The sabha or the singer - take your pick
It’s the singer not the song - The Rolling Stones
I have always been taken up with how people respond to music - an integral part of the ether to most of us. Almost since birth, always in the air. We may not have been conscious of it, but as we grew older, the awareness of what we were listening to tended to take shape and form. This does not apply to all individuals. An exceptional few are tone deaf and not even remotely interested in music. One feels sorry for them.
As the years passed, one was subject to all manner of musical influences and depending on whether you were in Chennai during the music season, or at an orchestral concert at the Royal Albert Hall, or even at a Bruce Springsteen barnstorming rock show, you learnt to appreciate each completely different form of entertainment in its own space and for its own sake. In my case, constant exposure to multifarious streams of music happened due to my home environment and later, school and college campus influences.
While the ability to enjoy The Beatles, Bach and GNB at different times, depending on how the mood takes you is a true blessing, it can also be a curse. Too much to take in and too little time. I have known many musically incestuous people suffer from this quandary. I am therefore envious of those who concentrate, single-mindedly on one form of music and give their all to that particular stream. I am not here referring to musicians. The good ones are usually very focused on their area of speciality - the tunnel vision approach. There is a very good reason why the so called fusion music has never quite caught on beyond a handful of restricted groups. My contemplation is more on the music lovers.
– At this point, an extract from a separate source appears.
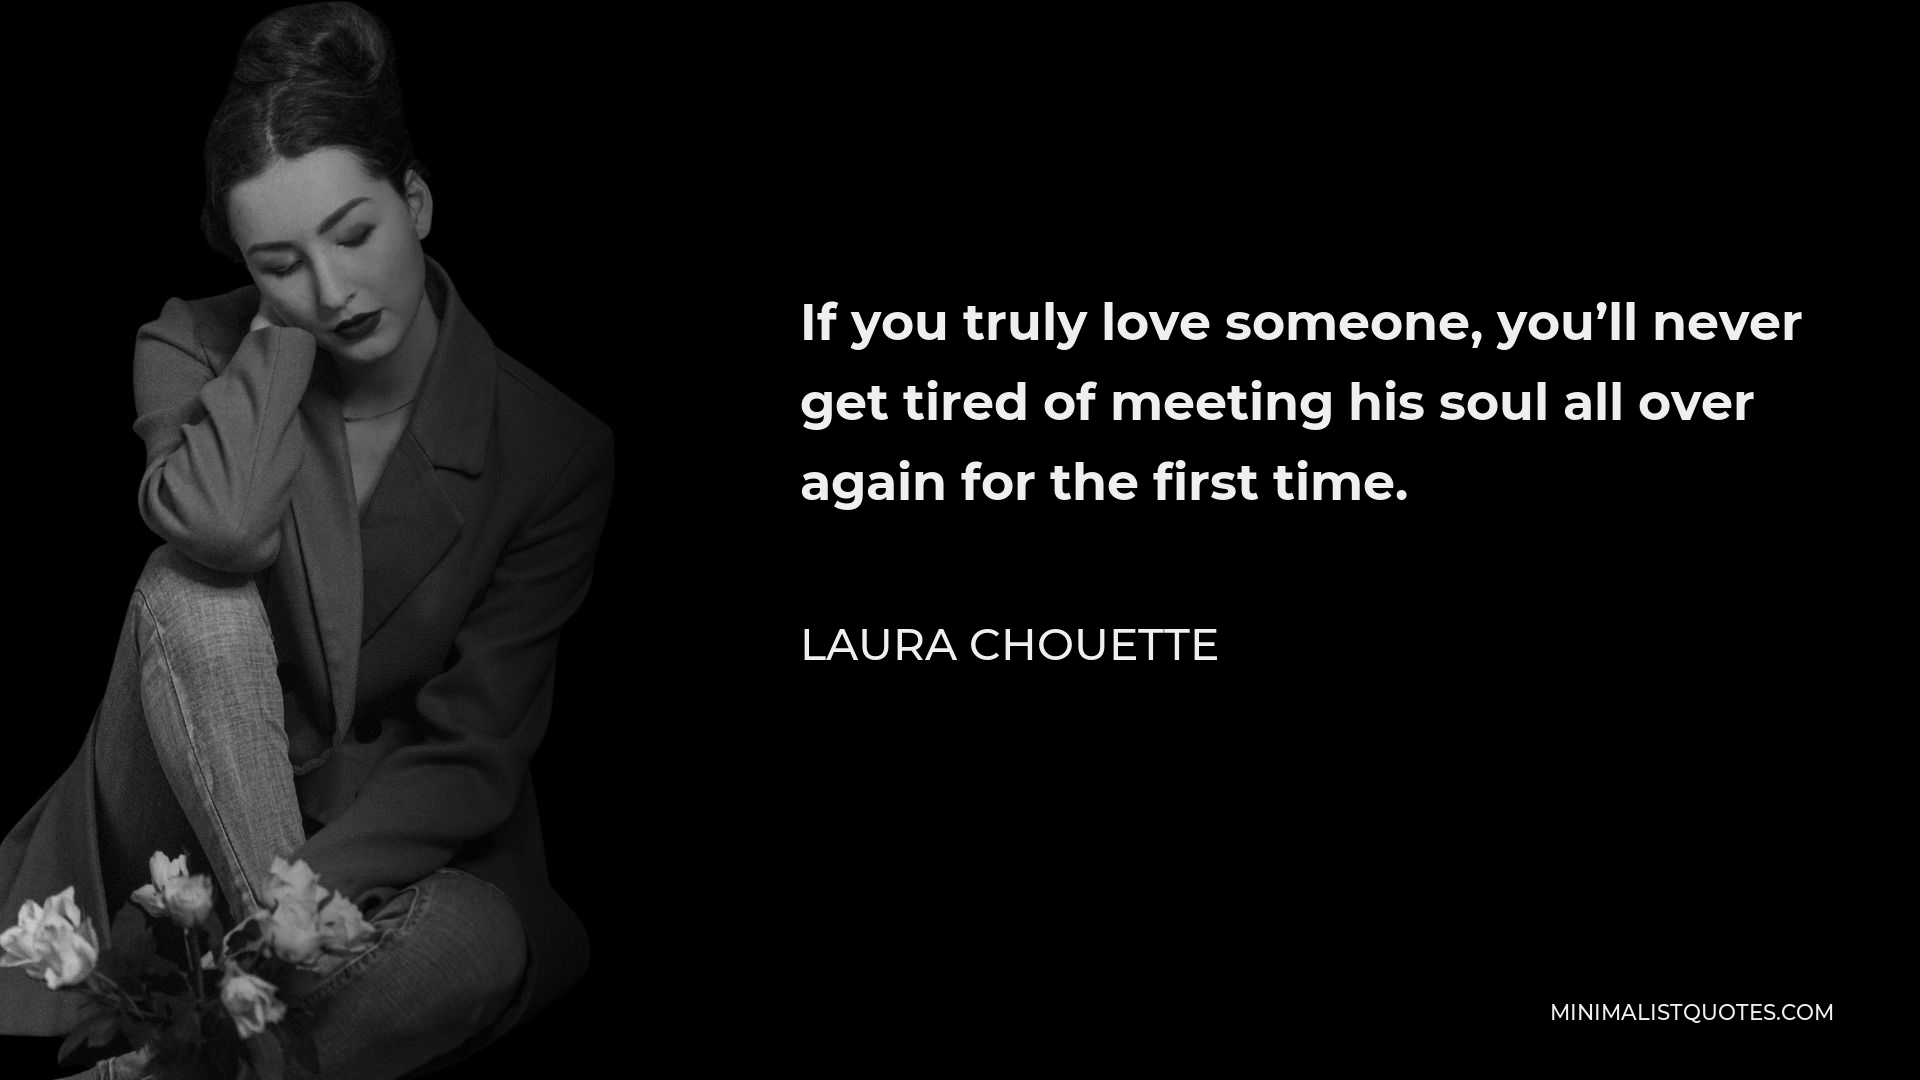 Laura Chouette Quote - If you truly love someone, you’ll never get tired of meeting his soul all over again for the first time.

As we go to press, the famed Chennai music season, one of the largest and most amorphous of its kind, has just rung the curtains down. Reams have been written about it over the years, yours truly included, from every conceivable angle. Many ardent Carnatic music lovers firmly hold the view that the music season isn’t quite off the starting blocks till December 15, when the venerable Music Academy Madras opens its hallowed portals to its members and the public at large. From an artist’s perspective, ‘If you haven’t performed at the Music Academy, you haven’t quite arrived’, is a cry we often hear. This can be dismissed as a needless bit of puffery by those who attach the Academy with a je ne sais quoi snob value.
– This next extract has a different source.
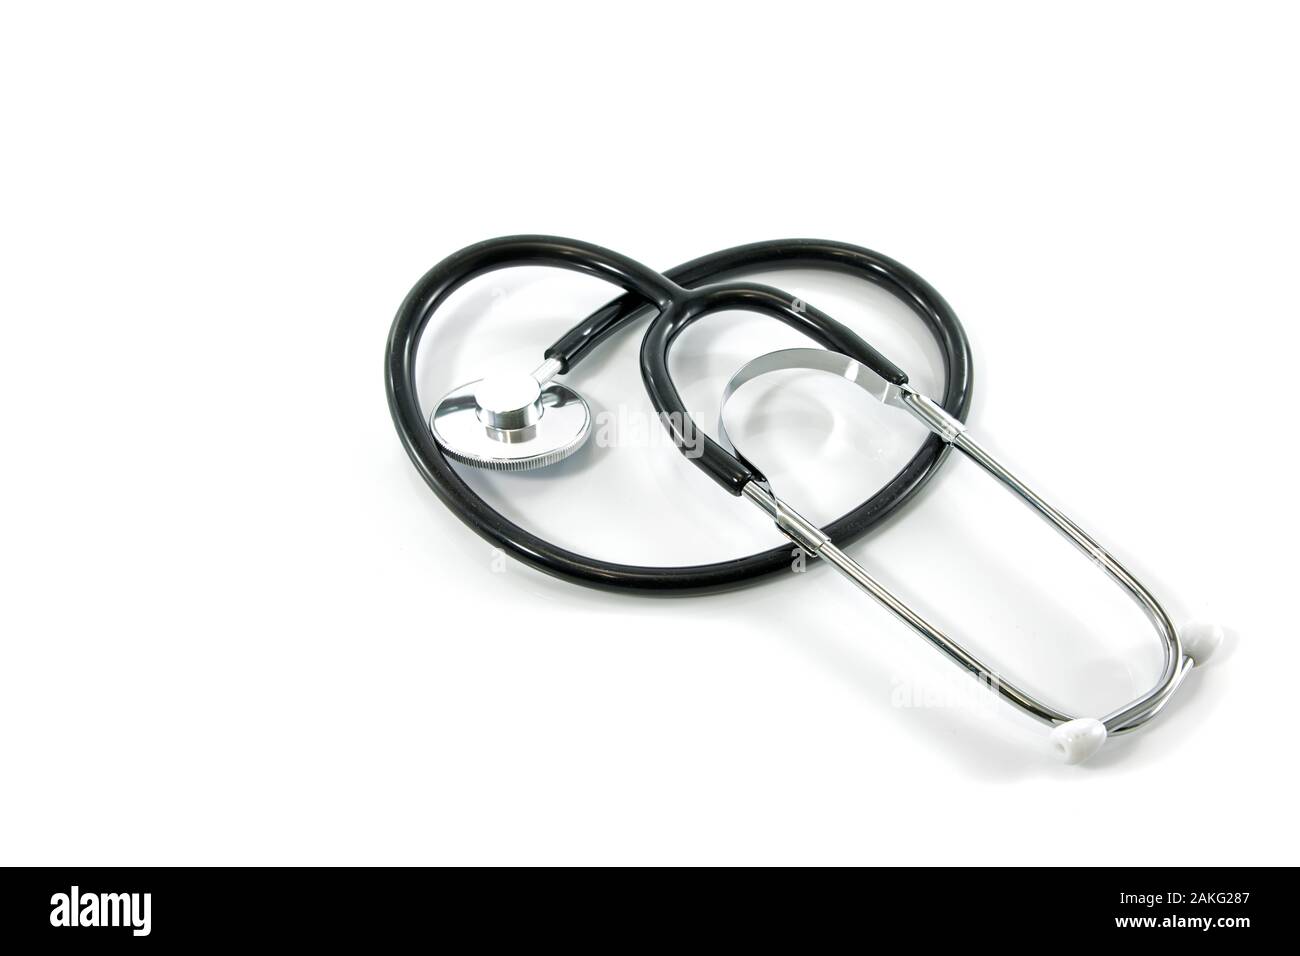 Stethoscope curved into the shape of a heart on white background Stock Photo

Notwithstanding, and with due regard to all the other wonderful and dedicated sabhas who have contributed immensely to the growth and excitement of the music season, one must concede that the Music Academy holds a uniquely hallowed and central place in the annals of Carnatic music. All the Grand Slams are important, but Wimbledon is Wimbledon. Over the decades, for one reason or the other, some musicians have crossed swords with the Academy and declined to perform or accept their much sought after honorifics, Some of those reasons may have been valid, others not. Nevertheless, warts and all, I would still stick my neck out and say the loss is theirs and not the Academy’s.
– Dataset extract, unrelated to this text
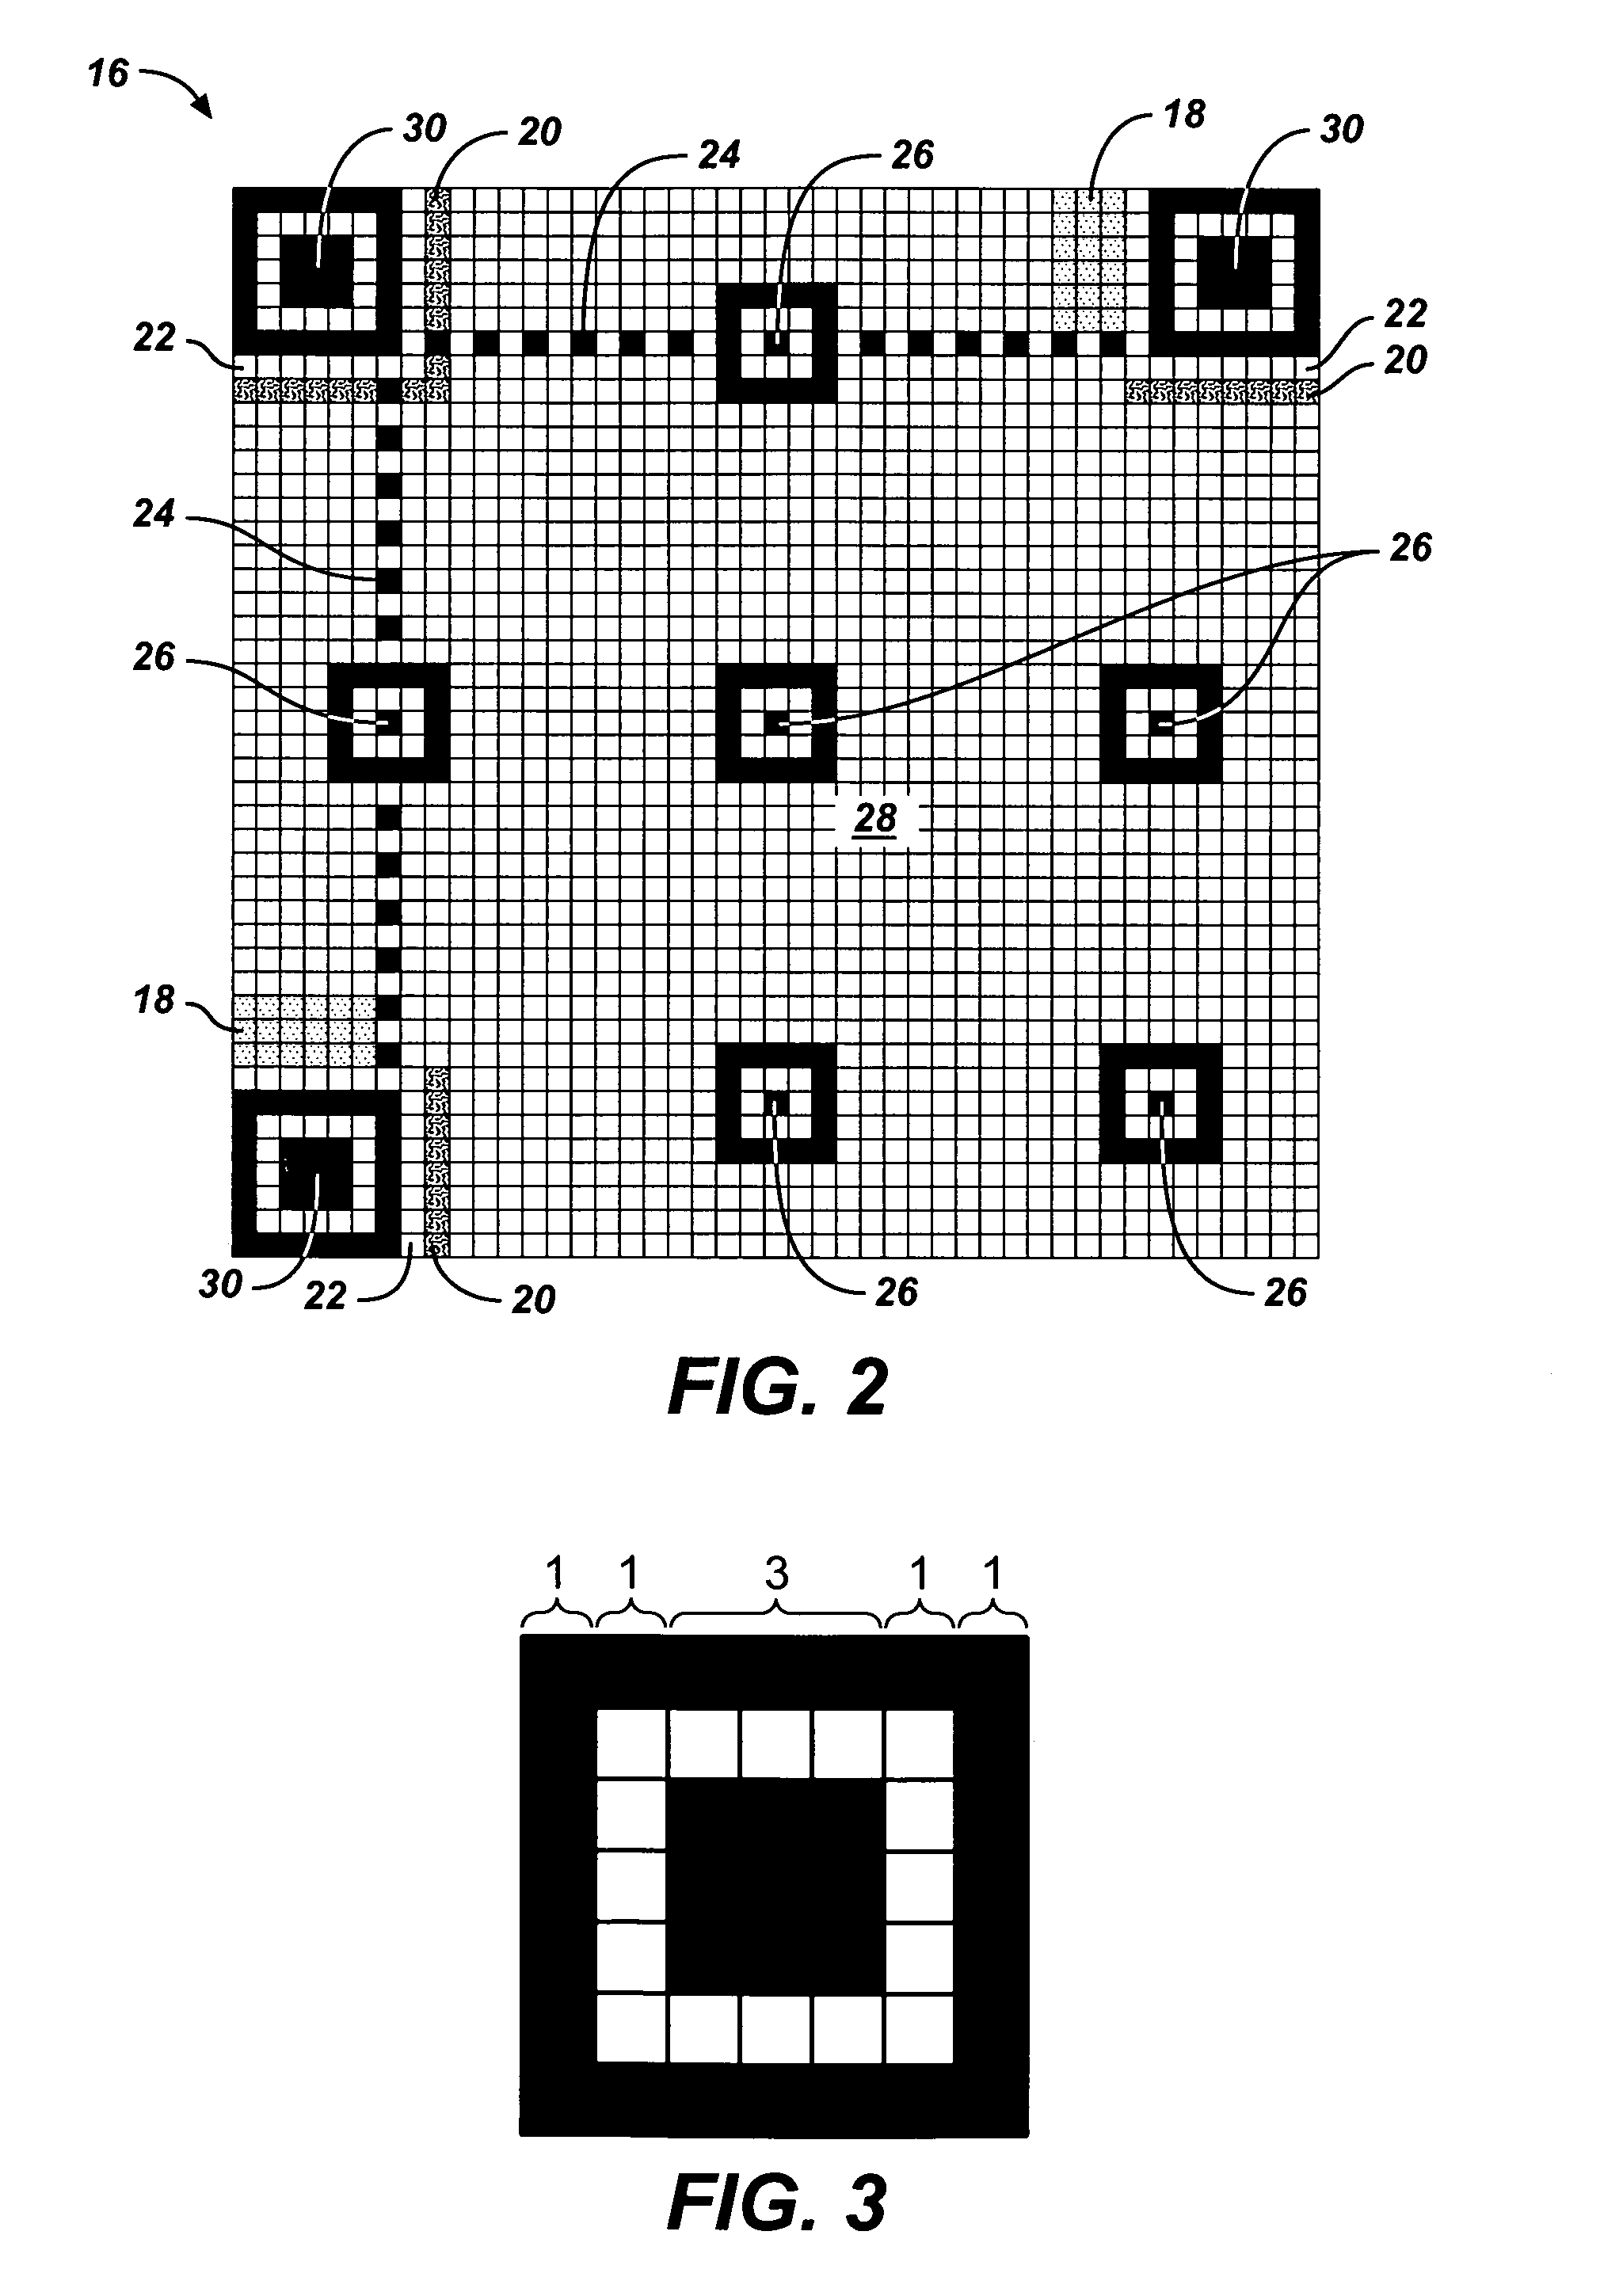 Method and apparatus for locating and decoding a two-dimensional machine-readable symbol

The purpose of this piece, however, is not intended to be hagiographic of the Academy. It was merely contextually appropriate to mention it. I have been visiting Chennai during the music season, year on year, for the past 20 years. I have thus had the opportunity to study, at close quarters this annual pilgrimage of Carnatic music lovers from Chennai and pretty much all over the world. While music is the magnetic drawing force that brings people at this time into Chennai, it is combined with a community feeling of getting together with family and friends, a conviviality that the season engenders. The relatively cooler climate helps. Try it in May or June and you could be burnt to a crisp.
It is also instructive to observe how groups of people actually take in the music season. There are those who will only patronise one or two sabhas, mostly because they are life members, or because the venue is conveniently close by to their place of abode. The latter is only partially true because many of the leading venues are within hailing distance of each other. The other group of rasikas is the one that follows a particular musician till the ends of the earth. I have seen the same group of followers or bhakts as they are known, in every single concert of Sanjay Subrahmanyan’s. Several previous articles by various columnists have remarked on this herd-inspired, Pied Piper phenomenon. Somebody in social media used the phrase ‘aural endorphins’ to describe Sanjay’s music. In saying that, I admit I too belong to this club, but am quite happy with it, as it brings with it a spirit of peer recognition and shared joy.
The reason I raise this point, apart from its sociological relevance, is to emphasise the fact that ultimately, it is the singer’s ability to draw people in through his or her innate ability and ‘connect’ with the audience that determines the success of a concert. The great composers, both past and more contemporary, have provided music lovers with immense riches.
Notwithstanding, without the musician’s unique ability to interpret these great works in his or her own trademark fashion, there will be a sameness that no one wants. In western classical music, an orchestra cannot deviate greatly from the great symphonies of Bach or Beethoven, but Tyagaraja’s nidhicAla sukhamA in Kalyani, will evoke very different emotions depending on which paddhathi the singer is following, quite apart from his innate ability and style, which makes all the difference. So follow a sabha or follow a musician, that’s your choice. You have another year to mull over it.